そもそも「有職故実」とはどのような学問なのでしょうか。

有職故実の「有職」は博識であること、歴史、文学、朝廷の儀礼によく通じていることを意味し、「故実」は、同じく古(いにしえ)の事実、古例を意味します。
平安時代に朝廷の儀式典礼を行う場合、古の例に習い、その拠り所となる歴史的事実を故実といい、この故実に通じていることを有職といいました。

平安中期以降は、宮廷において官職の歴史を調べることが盛んになり、さらに日々、月ごと、季節ごとに行われる各儀式を作法に従って行うことが宮廷人の主な勤めとなり、有職故実は重要視されるようになりました。


その後、藤原基経の子で関白も務めた藤原忠平の執政期(10世紀前半)になると儀礼の基本形が確立しました。忠平は父基経の知識、兄時平の説、勅命や外記日記を研究し、合理的な儀礼体系を作り上げていきました。忠平は自身の日記「貞信公記」の中で朝廷儀礼や政務に関する記述を多く残しています。
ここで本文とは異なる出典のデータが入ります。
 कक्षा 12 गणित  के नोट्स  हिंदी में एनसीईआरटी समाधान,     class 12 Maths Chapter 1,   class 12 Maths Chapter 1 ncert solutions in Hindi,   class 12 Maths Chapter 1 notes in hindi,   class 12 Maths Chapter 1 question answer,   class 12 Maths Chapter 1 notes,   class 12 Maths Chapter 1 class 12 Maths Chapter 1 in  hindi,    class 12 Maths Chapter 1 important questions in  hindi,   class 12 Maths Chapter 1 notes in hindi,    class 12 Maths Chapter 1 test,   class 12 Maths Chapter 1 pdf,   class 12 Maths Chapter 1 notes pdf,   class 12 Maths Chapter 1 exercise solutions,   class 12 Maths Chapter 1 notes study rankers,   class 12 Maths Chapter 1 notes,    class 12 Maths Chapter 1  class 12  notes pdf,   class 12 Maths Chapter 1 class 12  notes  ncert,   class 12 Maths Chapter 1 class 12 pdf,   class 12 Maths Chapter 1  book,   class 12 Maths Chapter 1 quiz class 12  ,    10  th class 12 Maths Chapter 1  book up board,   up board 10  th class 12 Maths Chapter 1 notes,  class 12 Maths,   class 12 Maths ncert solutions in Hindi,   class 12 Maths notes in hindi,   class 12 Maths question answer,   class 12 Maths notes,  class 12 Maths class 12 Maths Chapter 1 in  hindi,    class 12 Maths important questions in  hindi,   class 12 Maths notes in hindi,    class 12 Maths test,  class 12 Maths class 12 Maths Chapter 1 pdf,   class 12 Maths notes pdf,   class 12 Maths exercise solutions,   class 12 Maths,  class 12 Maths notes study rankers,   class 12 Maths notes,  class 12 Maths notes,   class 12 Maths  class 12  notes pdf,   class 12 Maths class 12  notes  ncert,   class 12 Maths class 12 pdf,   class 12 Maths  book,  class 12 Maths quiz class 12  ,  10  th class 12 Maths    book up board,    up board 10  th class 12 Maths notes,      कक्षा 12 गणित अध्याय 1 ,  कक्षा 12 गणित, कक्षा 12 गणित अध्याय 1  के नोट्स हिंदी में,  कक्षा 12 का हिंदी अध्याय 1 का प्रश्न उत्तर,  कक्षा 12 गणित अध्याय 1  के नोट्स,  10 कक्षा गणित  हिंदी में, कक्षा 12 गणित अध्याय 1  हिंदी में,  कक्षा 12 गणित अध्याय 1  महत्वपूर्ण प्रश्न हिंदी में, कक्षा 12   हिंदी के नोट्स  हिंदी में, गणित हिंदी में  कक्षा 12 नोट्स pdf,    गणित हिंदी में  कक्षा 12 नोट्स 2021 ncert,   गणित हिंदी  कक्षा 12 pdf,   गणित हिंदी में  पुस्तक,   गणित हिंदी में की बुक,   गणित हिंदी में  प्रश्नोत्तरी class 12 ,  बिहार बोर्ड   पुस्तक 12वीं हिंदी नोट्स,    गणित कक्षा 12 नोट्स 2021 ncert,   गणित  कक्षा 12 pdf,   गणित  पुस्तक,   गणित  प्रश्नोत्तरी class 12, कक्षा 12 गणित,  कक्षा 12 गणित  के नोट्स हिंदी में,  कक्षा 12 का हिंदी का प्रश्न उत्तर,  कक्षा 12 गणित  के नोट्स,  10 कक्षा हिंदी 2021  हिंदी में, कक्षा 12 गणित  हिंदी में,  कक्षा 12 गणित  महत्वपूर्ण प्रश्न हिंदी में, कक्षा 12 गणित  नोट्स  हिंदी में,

彼の知識は口伝によって二人の子に受け継がれ、のちに兄実頼の小野宮流、弟師輔の九条流という宮廷儀礼を伝える流派が生まれました。この頃の有職故実の知識は世襲化されて次の世代に伝えられていったのが特徴です。

中世の有職故実鎌倉、室町期の有職故実について


では、その後の有職故実はどうなったのでしょうか。
中世すなわち鎌倉、室町時代の有職故実を見ていきましょう。

この時代以降の有職故実の研究は、より専門的なものに発展していきました。
順徳天皇は、儀式についてまとめた「禁秘抄」、後醍醐天皇は宮中で行われる行事の作法や衣装についてまとめた「建武年中行事」、一条兼良の『公事根源』、北畠親房の『職原抄』は官職制度について、源雅亮は服飾について『雅亮装束抄』などの有職故実書をそれぞれ著しました。


また、鎌倉幕府の初代将軍源頼朝が、有職故実に通じる武士を徴用したことで、京都の武官故実と関東在来の武士の慣習が合わさって、武家故実が体系化されていきます。その後幕府や主君の前における儀礼や作法などの故実は、室町期に入り、公家故実とも融合して小笠原流や伊勢流へと発展していきました。

南北朝時代、二条良基が著した「百寮訓要抄」は、室町幕府三代将軍義光が朝政参加のために必要な実用的な知識を伝授するために執筆されました。官職制度の故実・職掌などが解説されています。この書物は、『官職秘抄』・『職原鈔』と並んで中世を代表する官職制度の解説書とされています。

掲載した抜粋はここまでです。